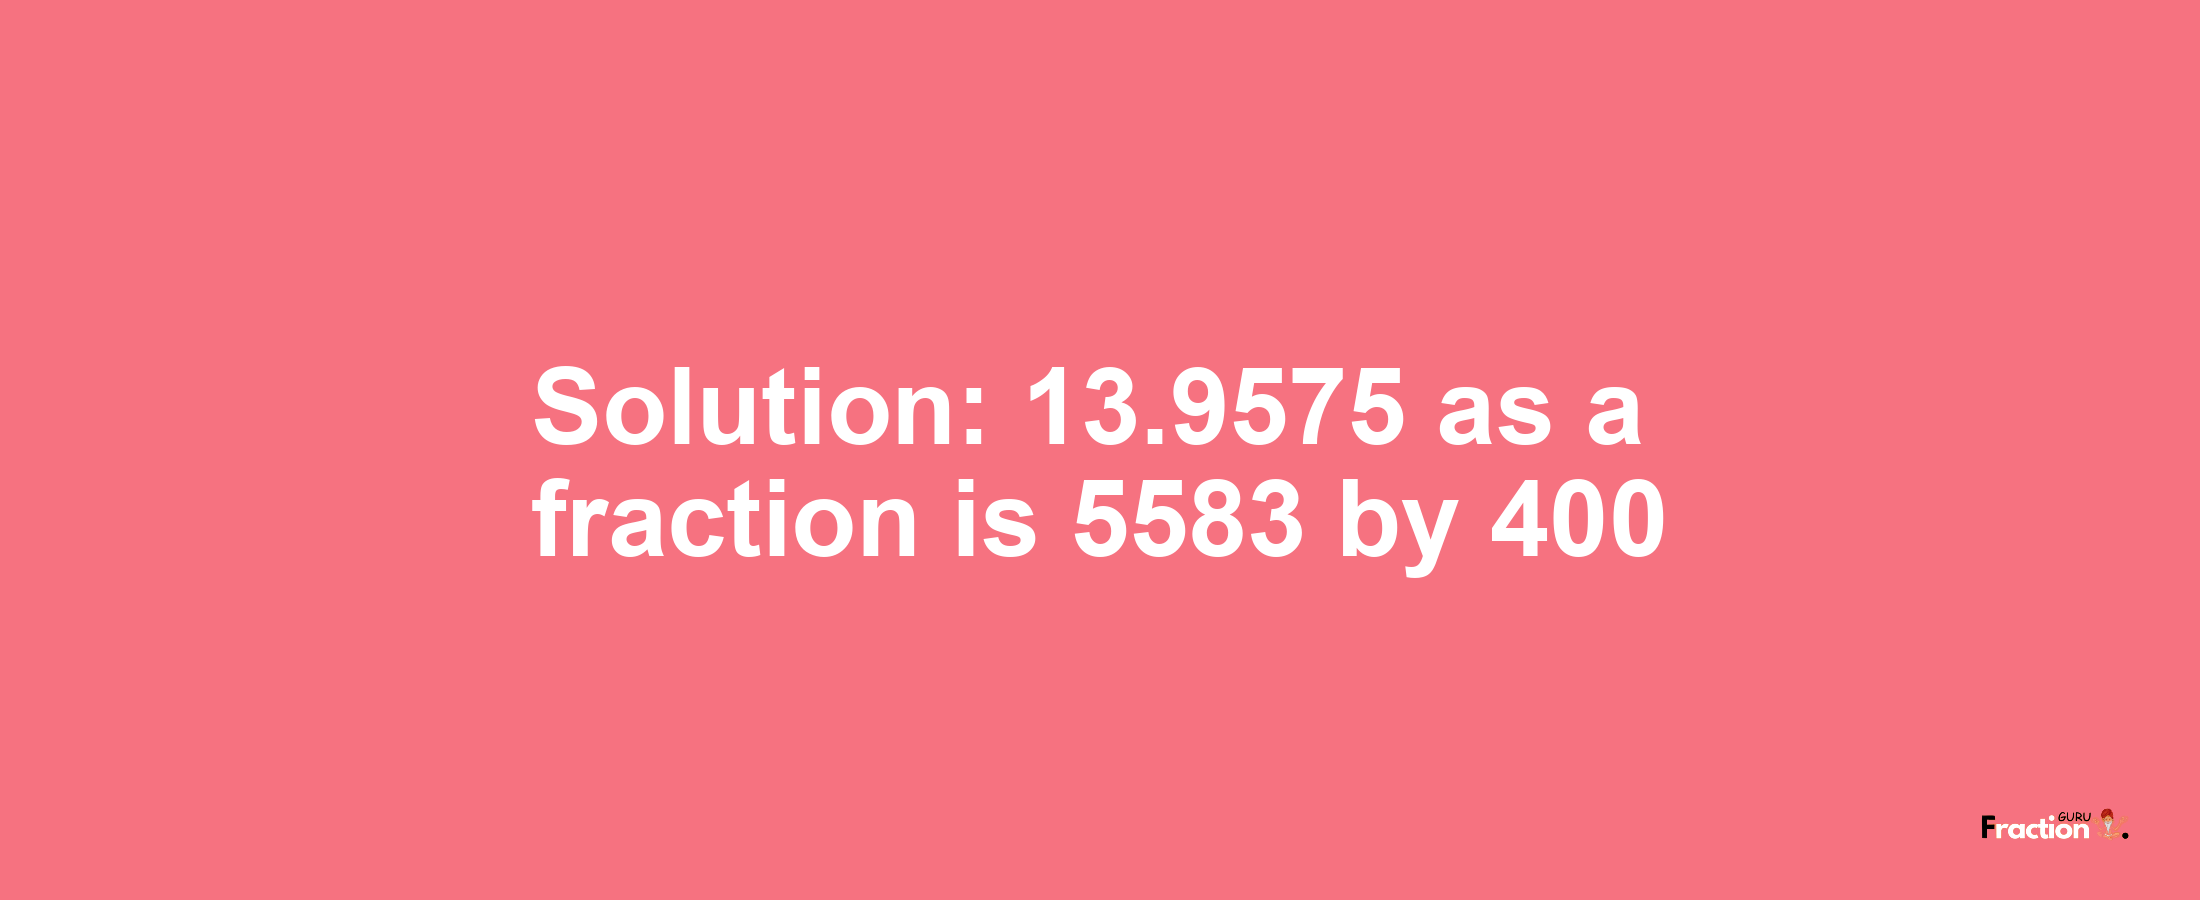 Solution:13.9575 as a fraction is 5583/400
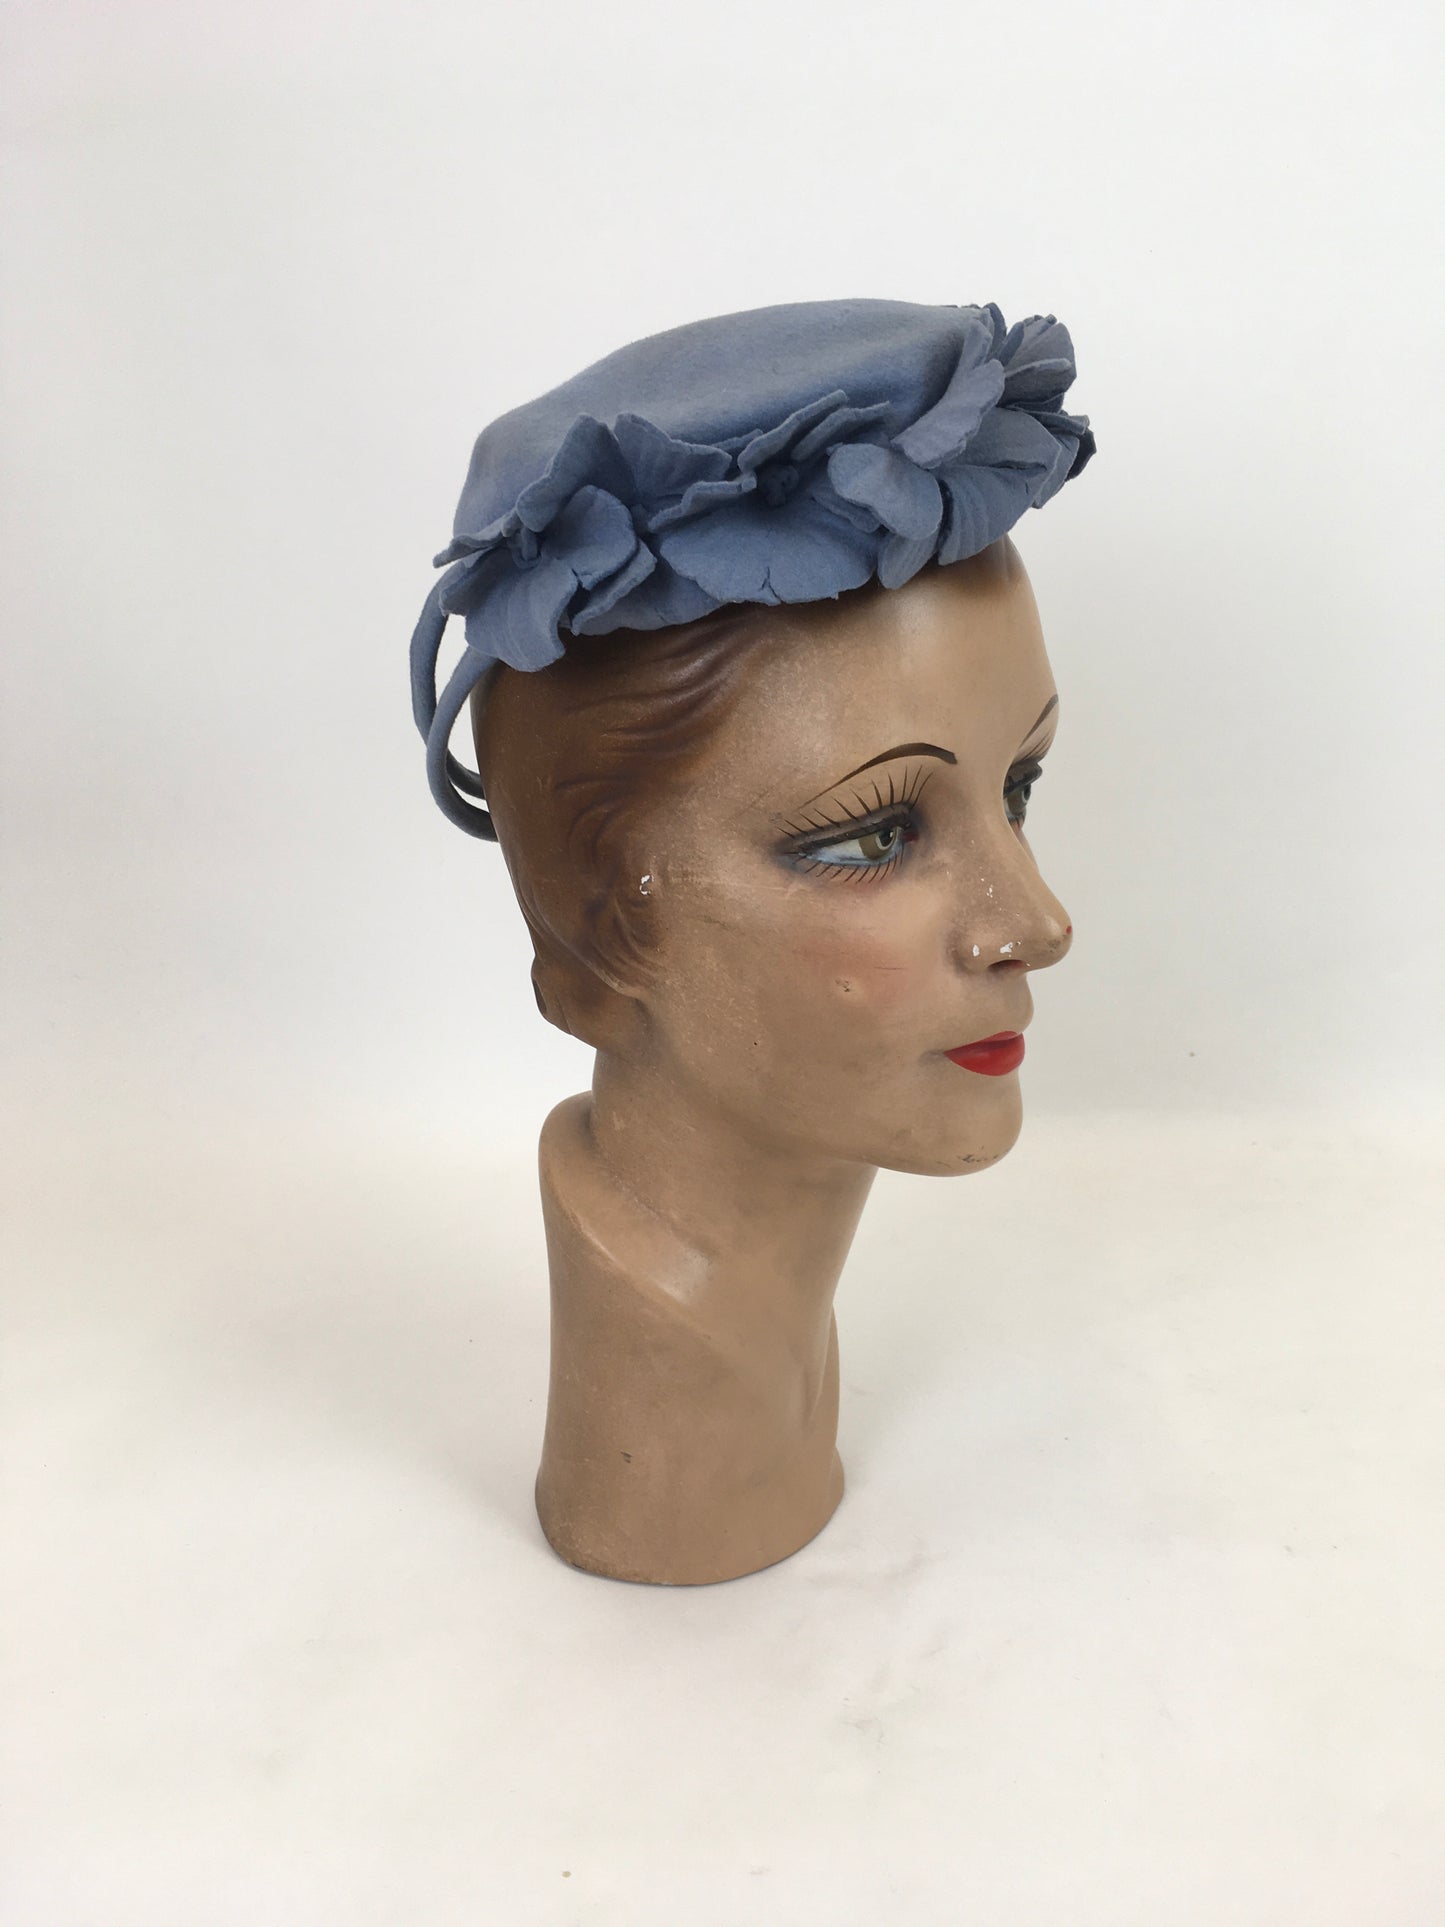 Original 1940’s New York Creations Felt Topper Hat - With Floral Adornment in Cornflower Blue
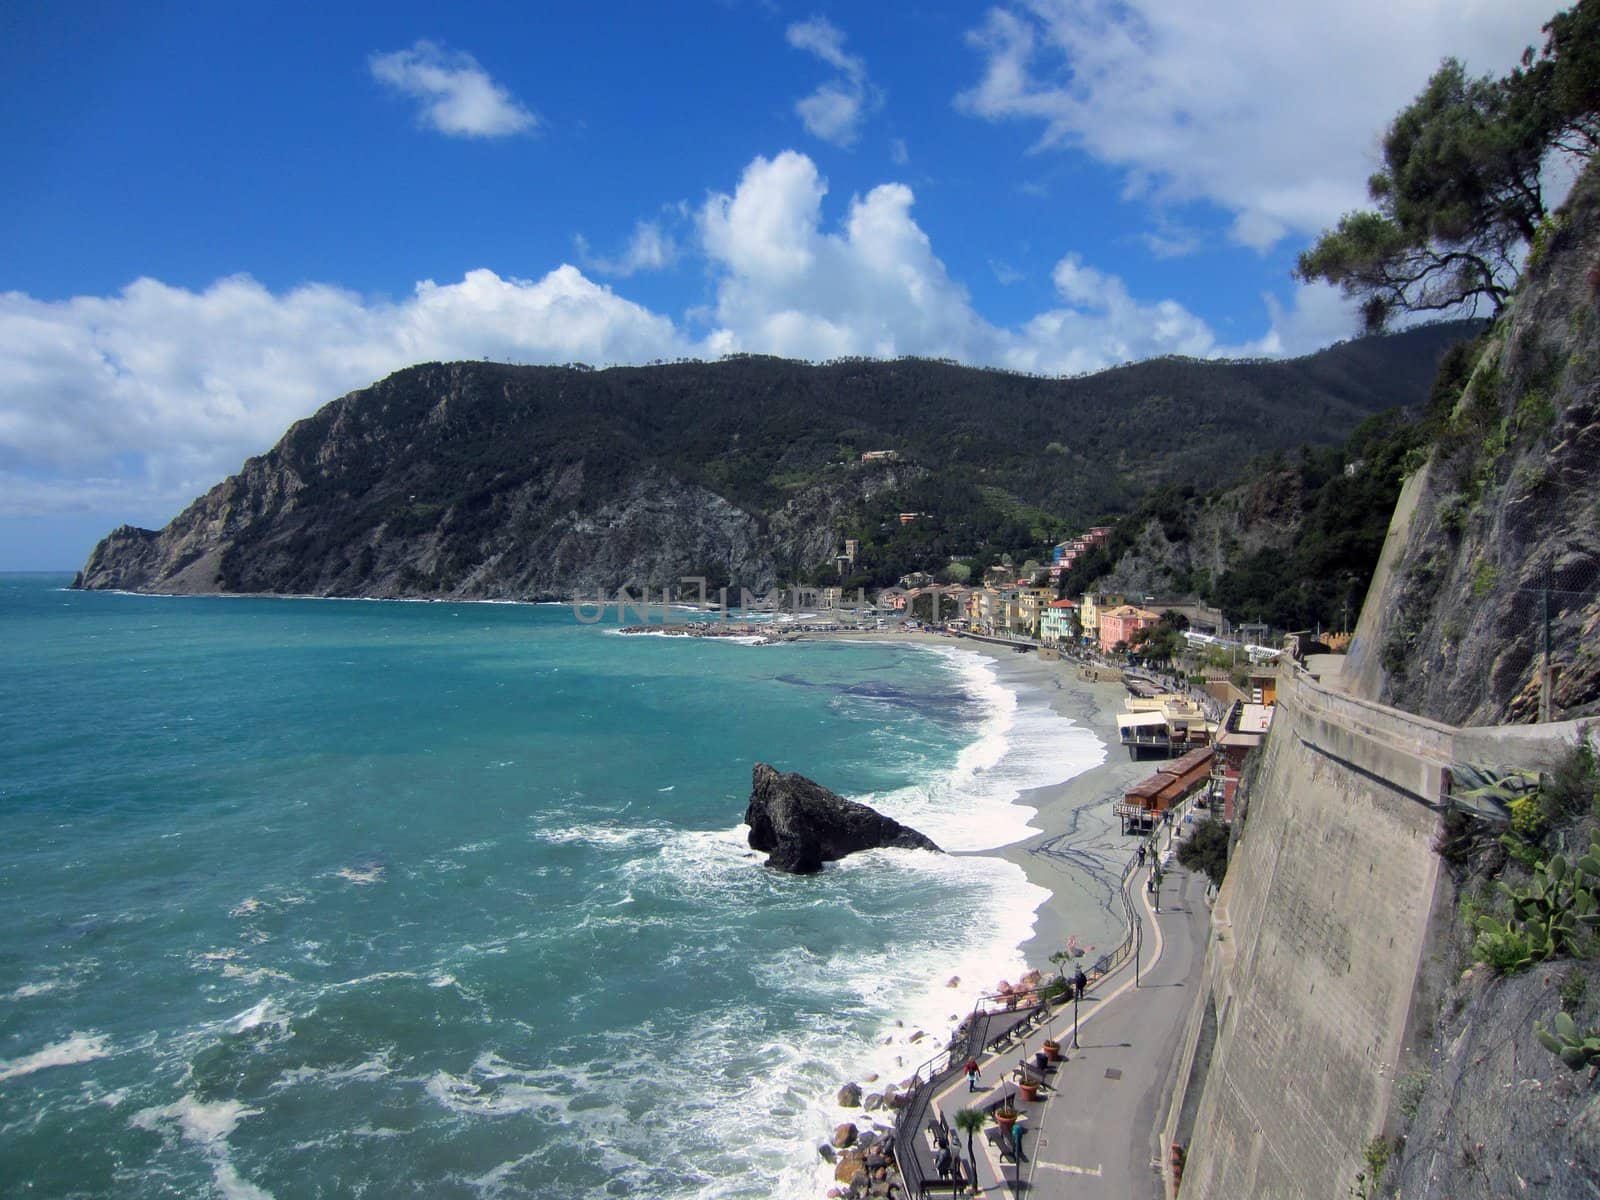 Monterosso, Italy by jol66

········

Problem details :: Please write out the material from the line containing "Original 1940’s New" to its final line, both inclusive, exactly as it appears; pictures are not part of the copy.

The completed task ::
 Original 1940’s New York Creations Felt Topper Hat - With Floral Adornment in Cornflower Blue
 Monterosso, Italy by jol66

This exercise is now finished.